A reasonable conclusion is that the new process does not yield a plastic which is as stable as the old, at least when temperatures get above $80C\;$ .
Example: In the preceding example, the mean melting point of plastics produced by the new process needs to be determined to within $.1C$ with $99\%$ accuracy.

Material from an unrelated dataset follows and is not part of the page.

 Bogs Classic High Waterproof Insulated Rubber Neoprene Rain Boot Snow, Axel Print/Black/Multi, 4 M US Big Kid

Assuming that the standard deviation for the new process is $4C\,$ , just as for the old process, how large of a sample is needed to obtain such accuracy?

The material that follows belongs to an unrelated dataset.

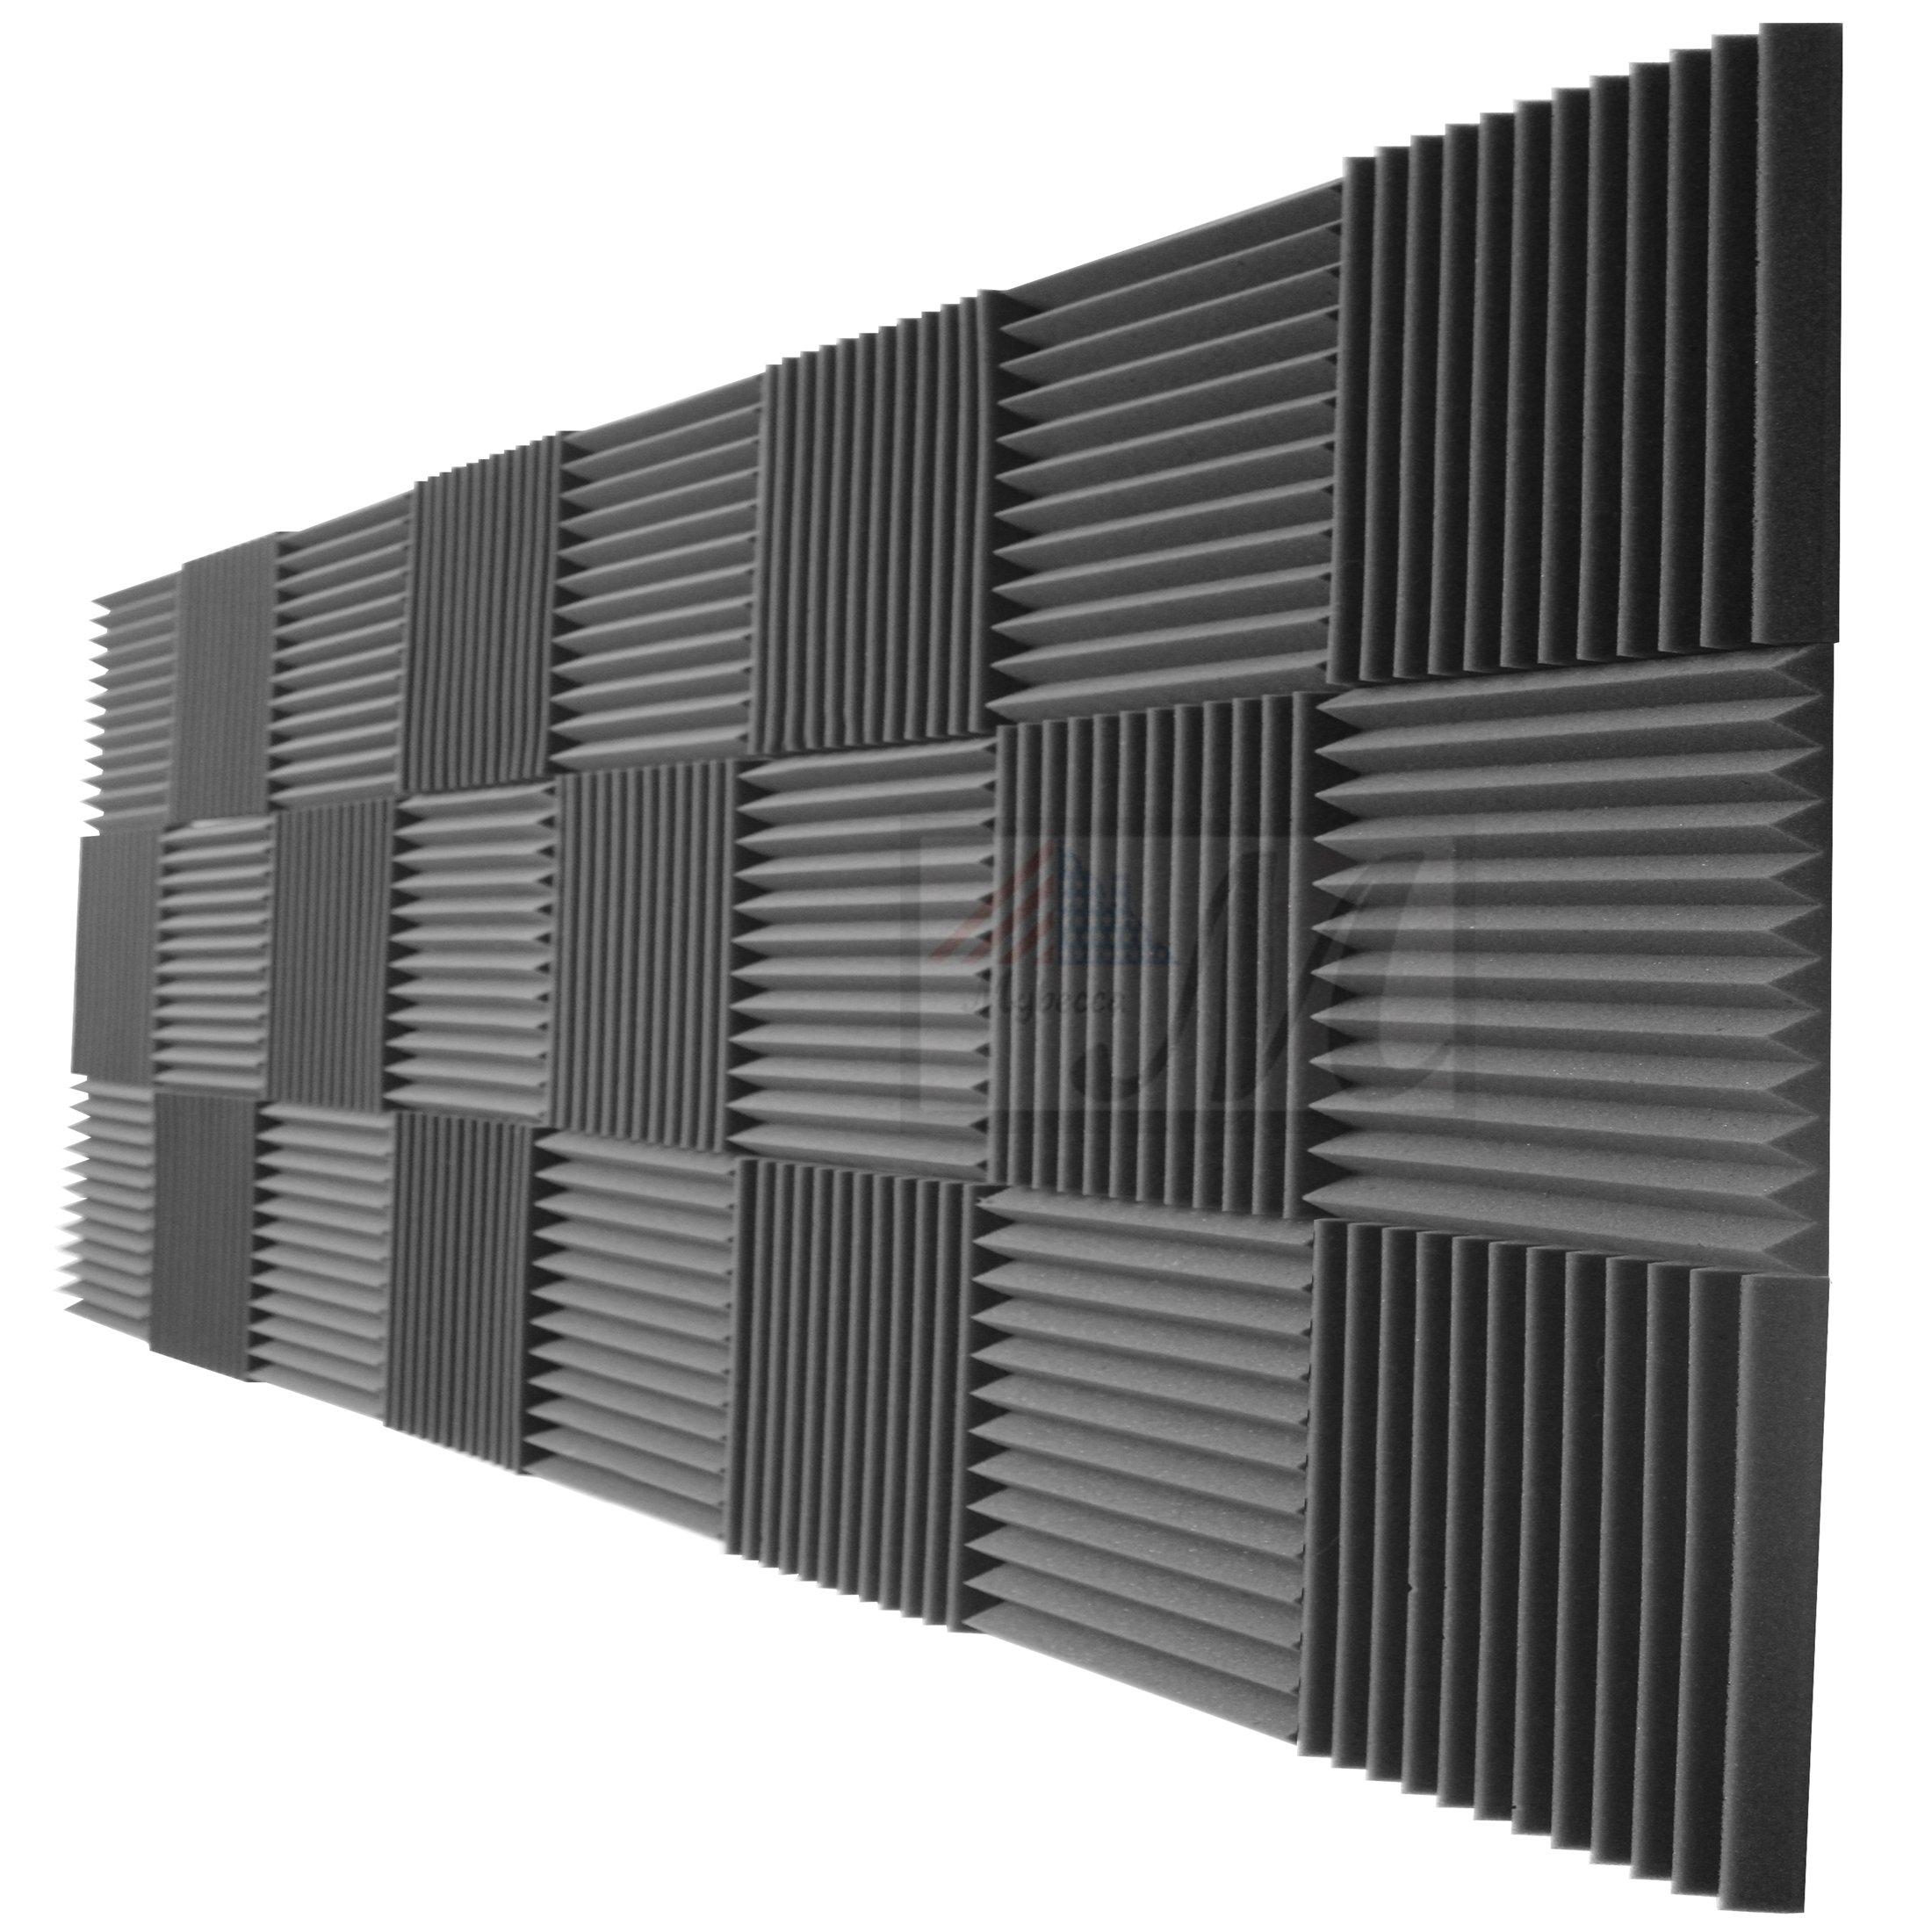 Mybecca 24 Pack Acoustic Foam Panels 2'' X 12'' X 12'' Studio Soundproofing Wedges (24 Square Feet), Charcoal

We address the following mathematical question: for how large of an $n$ will $\bar{X}$ take $99\%$ of its values in $\left[ \mu -.1, \mu +.1 \right]\;$ ? Since $\bar{X}$ has density $\displaystyle{ Z_{\mu,\frac{4}{\sqrt{n}}} }\,$ , this is asking how large to make $n$ so that
$$ P\left( \mu -.1 \lt Z_{\mu,\frac{4}{\sqrt{n}}} \lt \mu +.1 \right) \ge .99 \;\text{.} $$
That is,
$$ P\left( -.1 \lt Z_{0,\frac{4}{\sqrt{n}}} \lt .1 \right) \ge .99 \,\text{,} $$
or
$$ P\left( -\frac{\sqrt{n}}{40} \lt Z_{0,1} \lt \frac{\sqrt{n}}{40} \right) \ge .99 \;\text{.} $$
Since $ P\left( -2.58 \lt Z_{0,1} \lt 2.58 \right) \ge .99 \,$ , we need
$$ \frac{\sqrt{n}}{40} \ge 2.58 \,\text{,} $$
or
$$ n\ge ( 40\cdot 2.58)^2 =10650.24 \;\text{.} $$
Thus we need a sample size of greater than $10650$ to ensure that our sample mean will be within $.1C$ of its actual mean.
These examples should be compared with those encountered when we looked at Chebyshev’s theorem. In both cases, more control over the standard deviation of a probability density gives us tighter spread about the mean.